• **Work task**
From the records below, extract only the lines running from the line with "Soda Flat Women" to the line with "Evaluation of the", both lines included, reproducing them exactly.

• **Input**
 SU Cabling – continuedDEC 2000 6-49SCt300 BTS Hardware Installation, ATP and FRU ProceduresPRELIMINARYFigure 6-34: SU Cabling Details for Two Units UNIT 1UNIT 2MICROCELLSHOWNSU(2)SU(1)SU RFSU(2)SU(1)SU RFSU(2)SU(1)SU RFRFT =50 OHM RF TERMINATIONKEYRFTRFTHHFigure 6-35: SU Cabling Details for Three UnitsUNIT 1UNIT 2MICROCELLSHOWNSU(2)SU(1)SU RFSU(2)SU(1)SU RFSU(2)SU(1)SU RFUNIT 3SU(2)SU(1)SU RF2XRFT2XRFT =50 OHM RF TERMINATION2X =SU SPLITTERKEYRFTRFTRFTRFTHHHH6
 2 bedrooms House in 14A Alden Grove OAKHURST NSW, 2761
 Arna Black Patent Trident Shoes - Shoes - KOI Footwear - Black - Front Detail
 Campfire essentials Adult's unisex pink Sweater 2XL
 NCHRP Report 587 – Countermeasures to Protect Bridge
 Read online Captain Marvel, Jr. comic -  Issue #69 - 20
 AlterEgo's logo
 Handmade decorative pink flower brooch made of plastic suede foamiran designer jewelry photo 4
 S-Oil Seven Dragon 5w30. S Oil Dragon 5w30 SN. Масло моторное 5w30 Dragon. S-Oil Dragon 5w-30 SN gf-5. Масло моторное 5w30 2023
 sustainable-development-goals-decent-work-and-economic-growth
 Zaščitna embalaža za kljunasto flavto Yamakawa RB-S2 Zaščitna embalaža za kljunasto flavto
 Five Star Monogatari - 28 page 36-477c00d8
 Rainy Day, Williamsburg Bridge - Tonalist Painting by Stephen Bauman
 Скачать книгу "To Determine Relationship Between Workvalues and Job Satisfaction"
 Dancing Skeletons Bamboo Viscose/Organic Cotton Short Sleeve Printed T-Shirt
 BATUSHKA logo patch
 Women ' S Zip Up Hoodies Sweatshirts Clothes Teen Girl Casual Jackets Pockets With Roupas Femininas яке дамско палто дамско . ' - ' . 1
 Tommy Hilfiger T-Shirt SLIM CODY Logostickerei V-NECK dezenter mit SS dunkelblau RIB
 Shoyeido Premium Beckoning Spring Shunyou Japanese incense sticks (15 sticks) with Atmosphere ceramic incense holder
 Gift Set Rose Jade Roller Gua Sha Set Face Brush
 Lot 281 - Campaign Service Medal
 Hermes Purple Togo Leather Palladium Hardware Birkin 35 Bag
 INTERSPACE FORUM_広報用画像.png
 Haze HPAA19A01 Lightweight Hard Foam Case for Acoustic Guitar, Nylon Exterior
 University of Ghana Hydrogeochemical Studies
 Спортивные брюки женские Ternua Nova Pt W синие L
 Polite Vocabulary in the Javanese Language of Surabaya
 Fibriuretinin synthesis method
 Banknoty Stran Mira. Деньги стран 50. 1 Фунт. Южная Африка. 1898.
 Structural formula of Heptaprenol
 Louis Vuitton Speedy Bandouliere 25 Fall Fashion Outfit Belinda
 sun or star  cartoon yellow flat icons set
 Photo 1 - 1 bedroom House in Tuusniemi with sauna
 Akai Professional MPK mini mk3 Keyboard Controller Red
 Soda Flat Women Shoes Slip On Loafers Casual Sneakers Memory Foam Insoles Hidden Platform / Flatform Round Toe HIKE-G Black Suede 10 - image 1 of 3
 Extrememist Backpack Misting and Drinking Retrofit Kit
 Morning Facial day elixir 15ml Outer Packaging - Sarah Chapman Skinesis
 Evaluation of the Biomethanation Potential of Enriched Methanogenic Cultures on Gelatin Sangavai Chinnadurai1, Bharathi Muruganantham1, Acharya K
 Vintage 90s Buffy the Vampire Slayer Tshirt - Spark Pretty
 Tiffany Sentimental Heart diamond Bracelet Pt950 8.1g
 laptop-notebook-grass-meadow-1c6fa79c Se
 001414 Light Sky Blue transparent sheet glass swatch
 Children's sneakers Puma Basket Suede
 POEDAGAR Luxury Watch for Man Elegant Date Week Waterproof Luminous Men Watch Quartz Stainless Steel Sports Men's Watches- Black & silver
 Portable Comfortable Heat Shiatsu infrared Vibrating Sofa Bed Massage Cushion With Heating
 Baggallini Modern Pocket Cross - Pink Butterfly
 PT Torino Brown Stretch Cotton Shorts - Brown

• **Response area**
 Soda Flat Women Shoes Slip On Loafers Casual Sneakers Memory Foam Insoles Hidden Platform / Flatform Round Toe HIKE-G Black Suede 10 - image 1 of 3
 Extrememist Backpack Misting and Drinking Retrofit Kit
 Morning Facial day elixir 15ml Outer Packaging - Sarah Chapman Skinesis
 Evaluation of the Biomethanation Potential of Enriched Methanogenic Cultures on Gelatin Sangavai Chinnadurai1, Bharathi Muruganantham1, Acharya K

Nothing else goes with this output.